* HOW TO COMPLETE THIS TASK: Go through the data below and transcribe it exactly. Omit the images.

* RECORDED DATA:
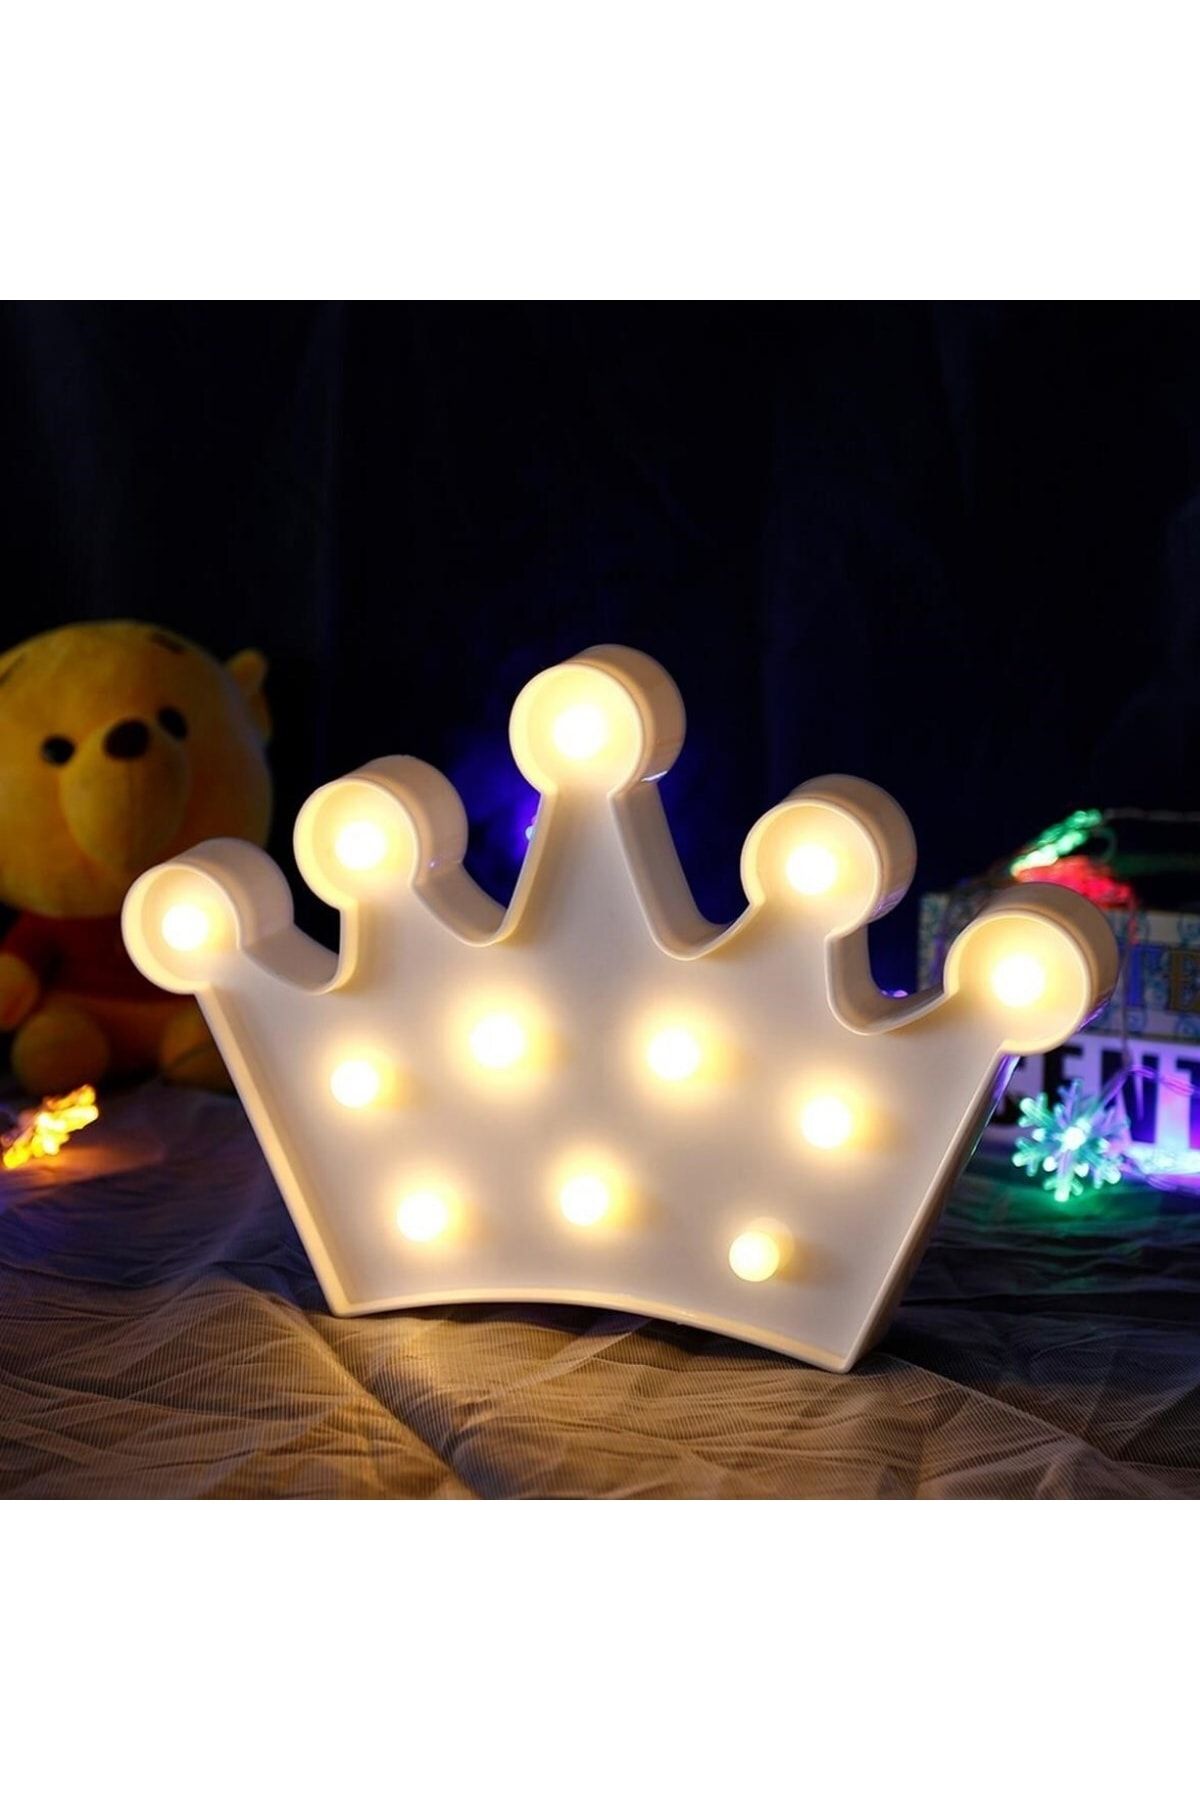 TEKNO İSTANBUL 3d Dekoratif Pilli Kraliçe  Model Led Masa Ve Gece Lambası
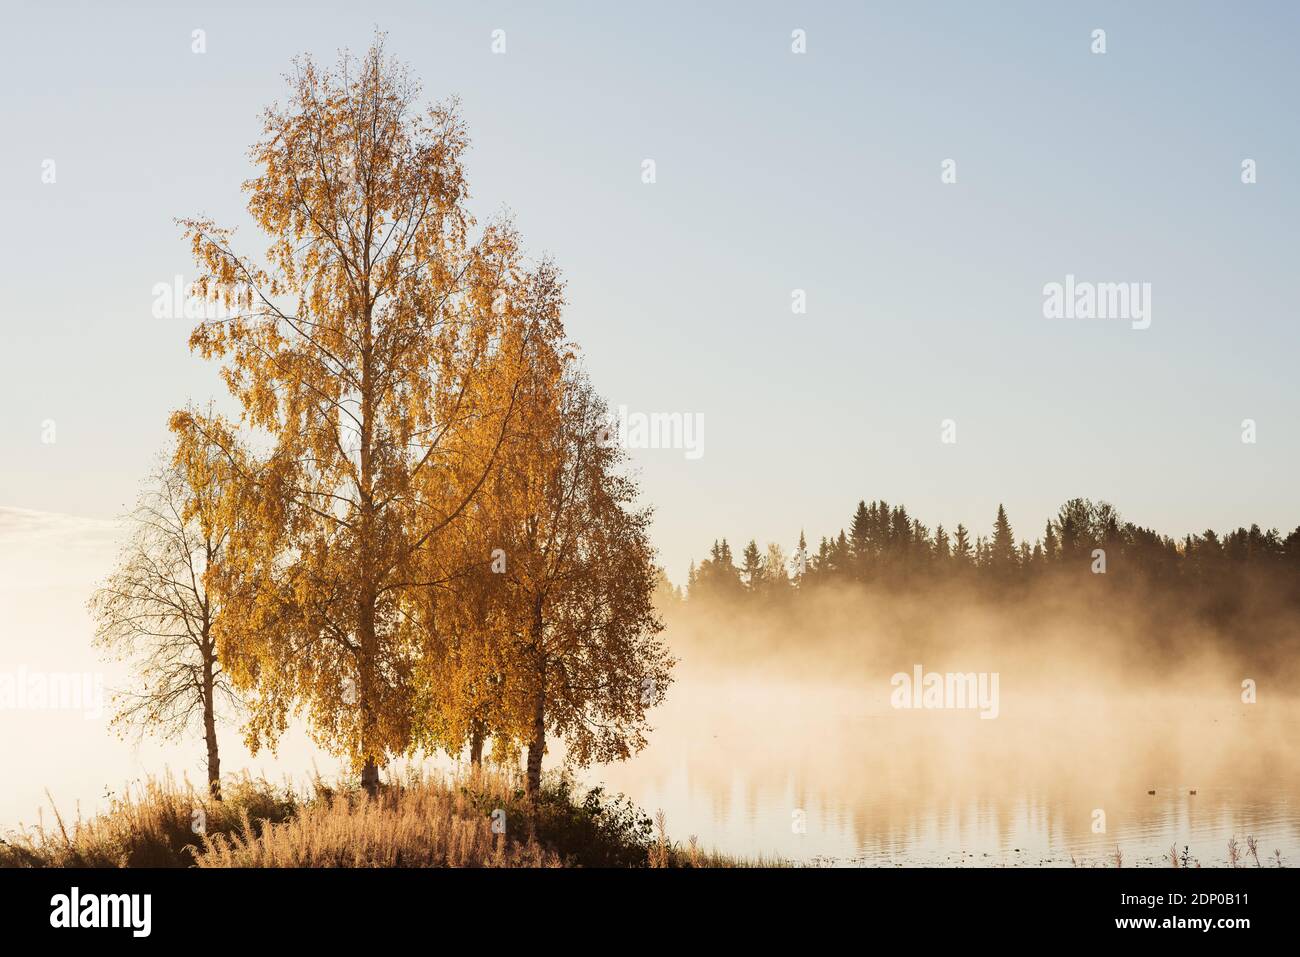 Autumn trees at lake Stock Photo
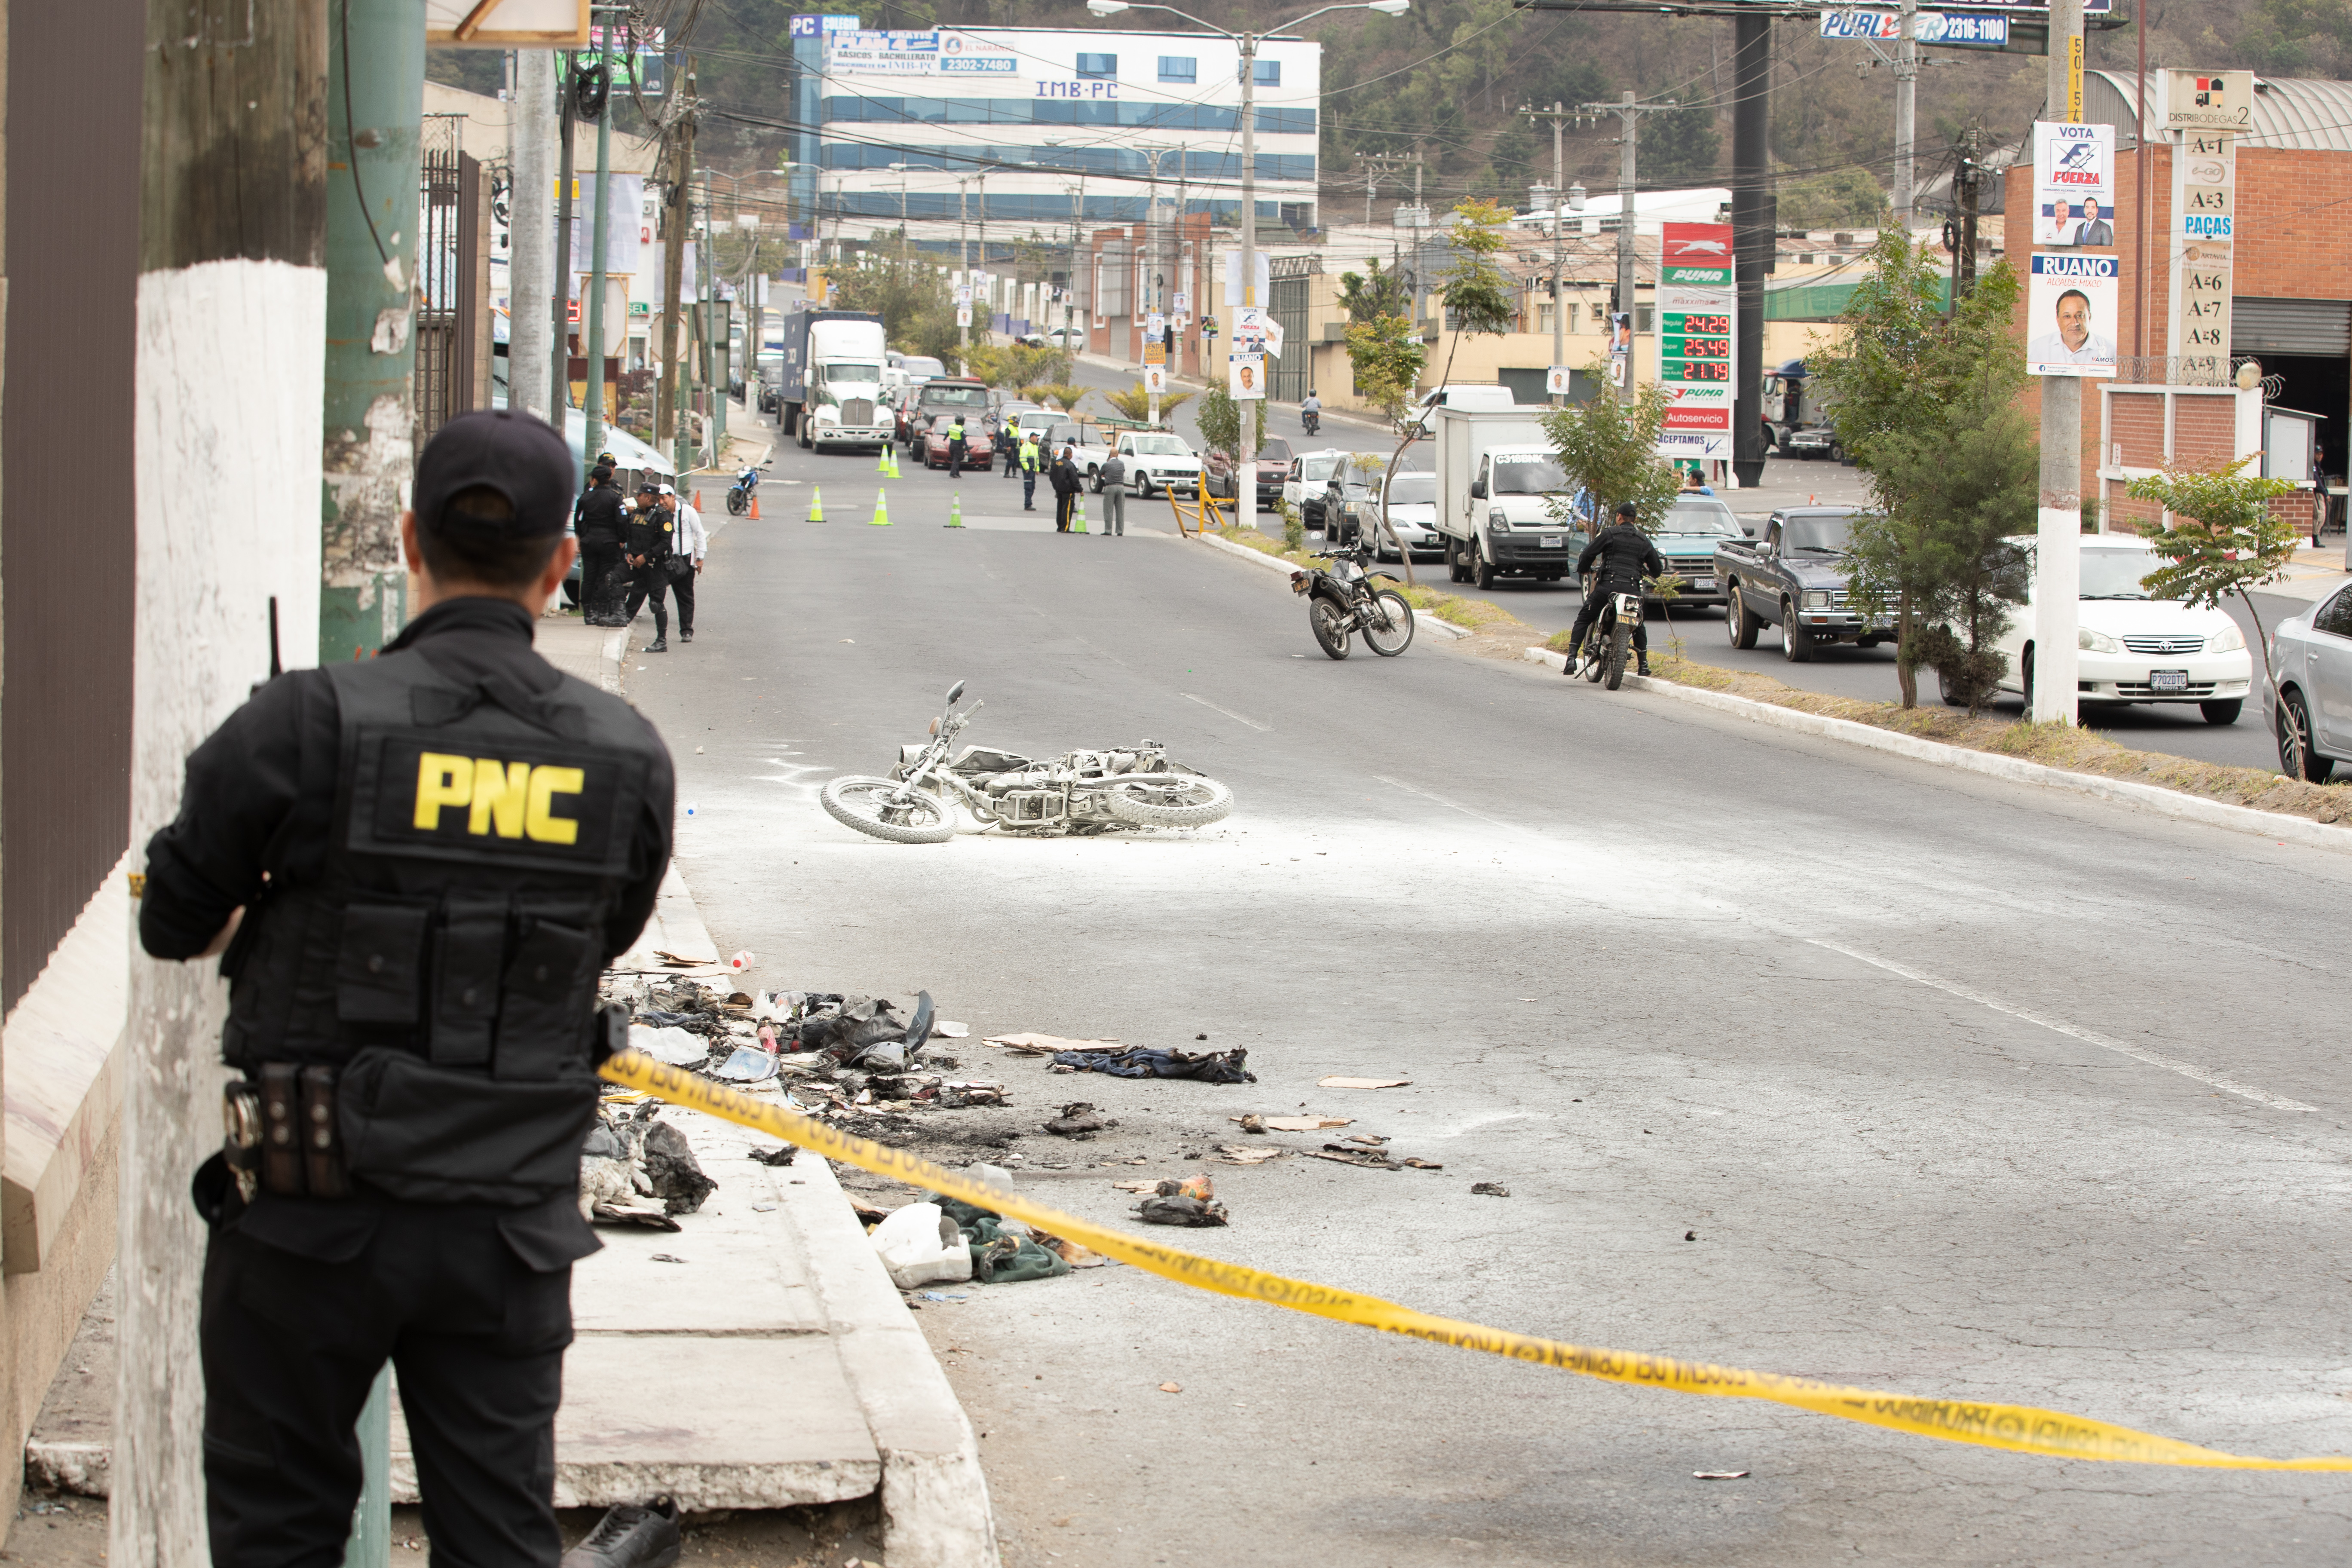 Un policía observa el lugar  donde fueron quemados los supuestos delincuentes que posteriormente murieron. (Foto Prensa Libre: Juan Diego González)

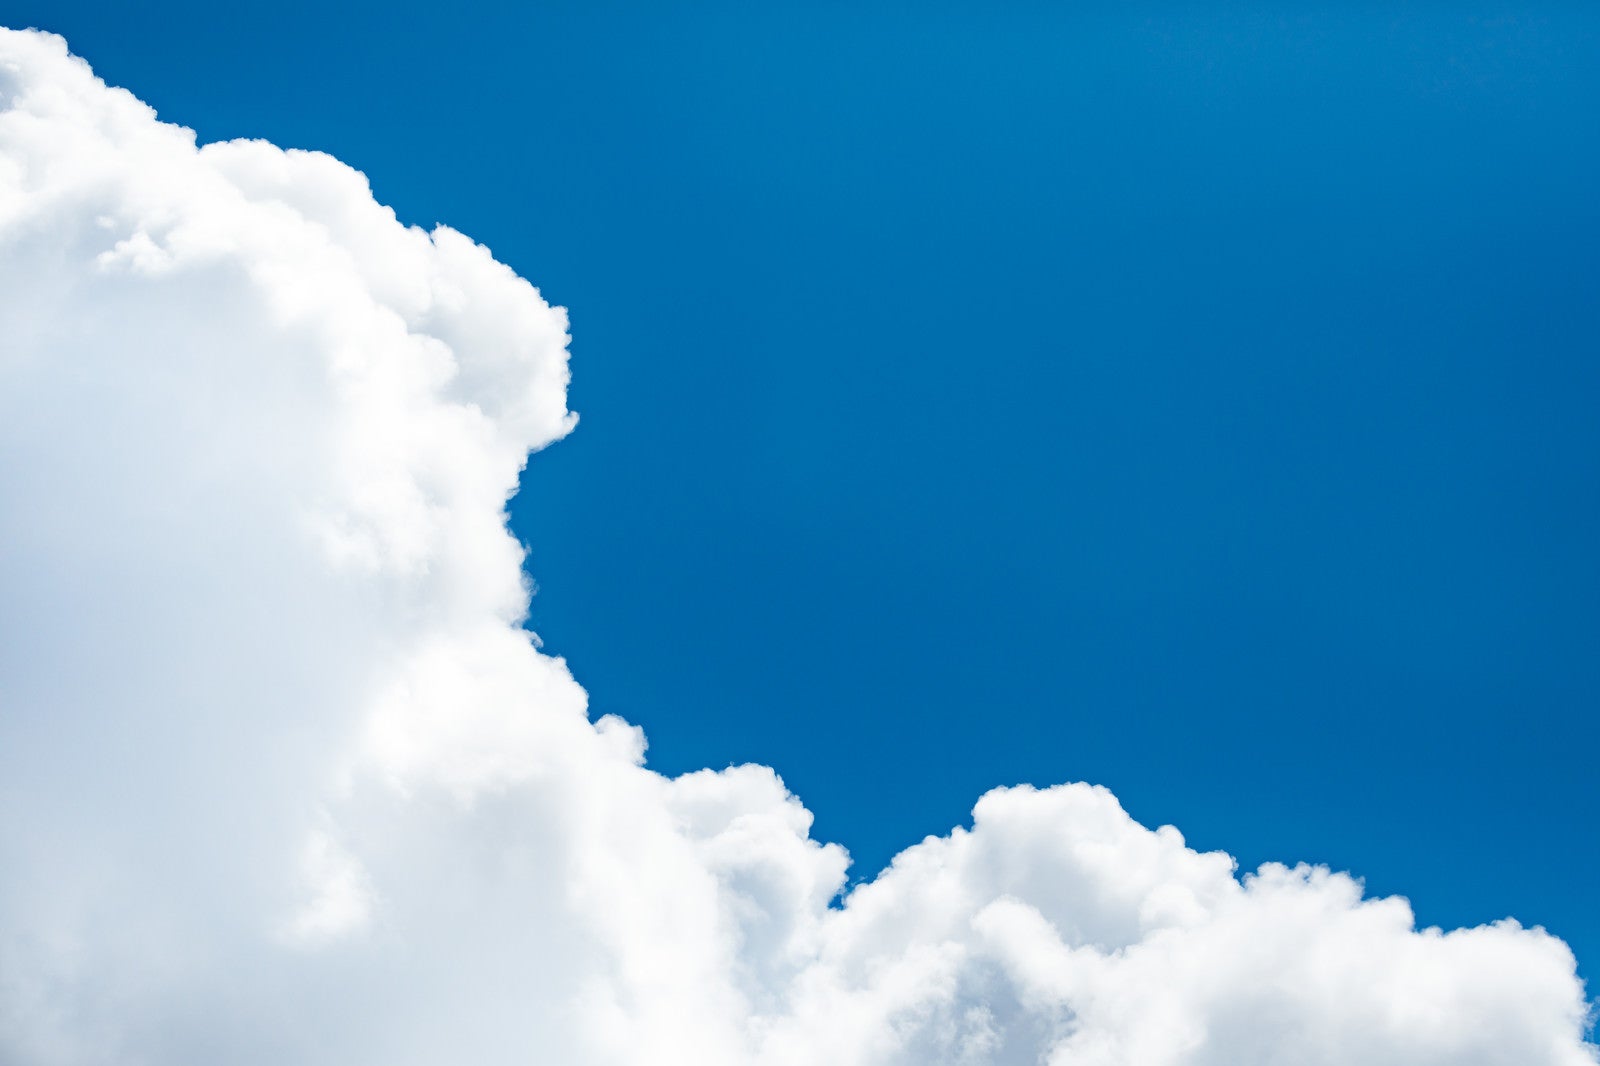 「絵に書いたような青空雲」の写真

* OUTPUT OF THE TASK:
 TEKNO İSTANBUL 3d Dekoratif Pilli Kraliçe  Model Led Masa Ve Gece Lambası
 Autumn trees at lake Stock Photo
 Un policía observa el lugar  donde fueron quemados los supuestos delincuentes que posteriormente murieron. (Foto Prensa Libre: Juan Diego González)

 「絵に書いたような青空雲」の写真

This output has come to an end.